**Work to be completed:** Transcribe only what runs from the line containing "The Google Docs" through the final line below, exactly, and leave every picture out.
== Dataset excerpt ==
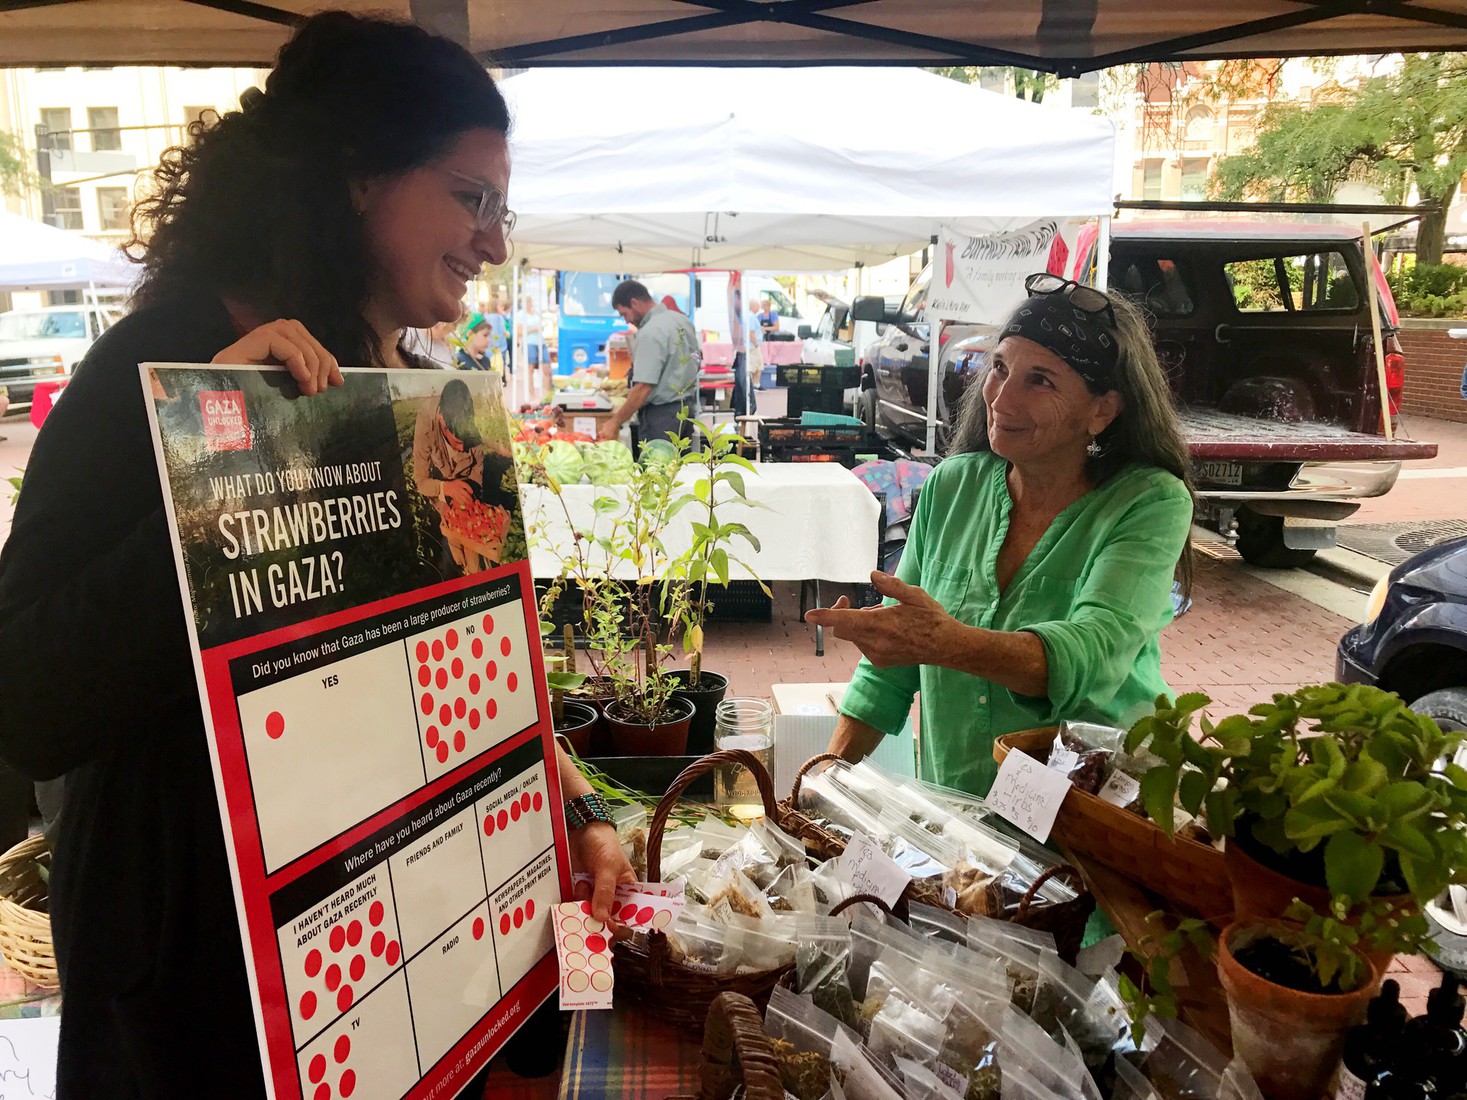 “Think of Gaza when you eat a strawberry”: Lessons on engagement from U.S. farmer’s markets 
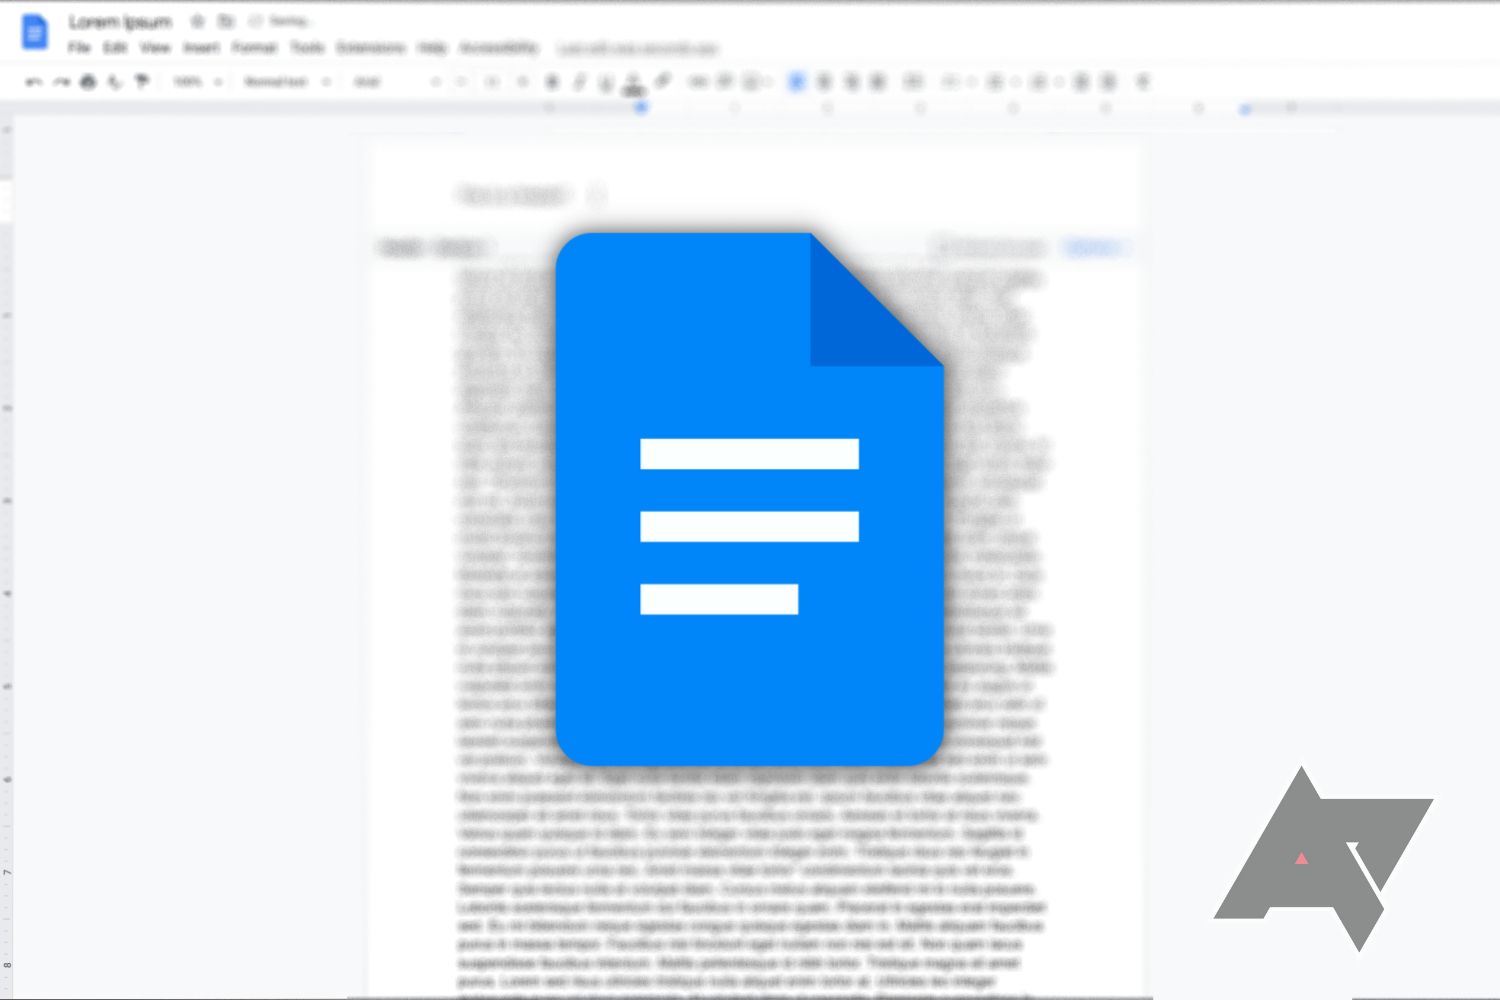 The Google Docs logo on top of a blurred image of a Google Docs document
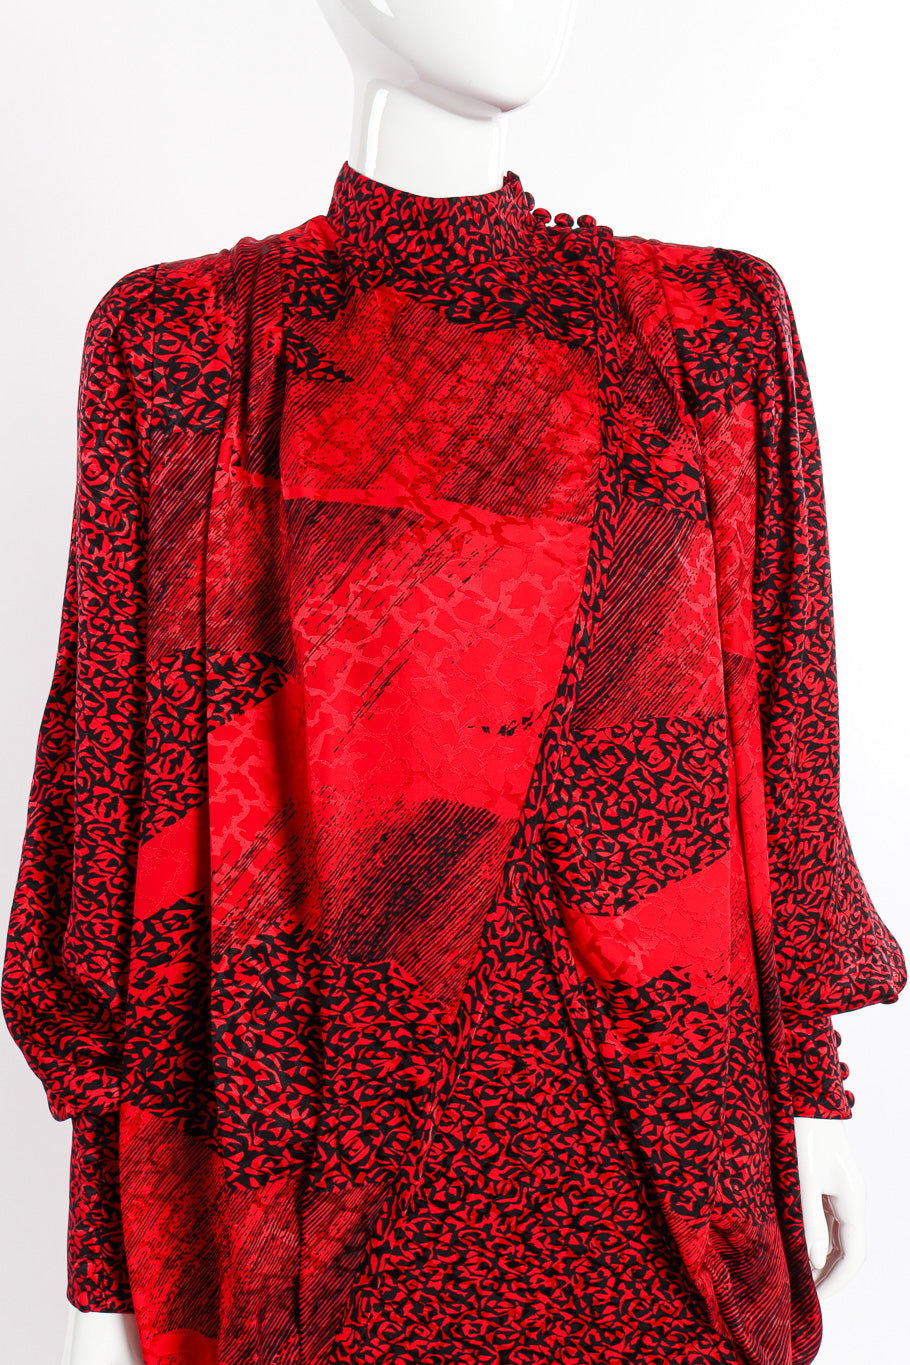 Abstract Wrap Front Jacket & Dress Set on mannequin chest close @recessla
===
**Response area:**
 The Google Docs logo on top of a blurred image of a Google Docs document
 Abstract Wrap Front Jacket & Dress Set on mannequin chest close @recessla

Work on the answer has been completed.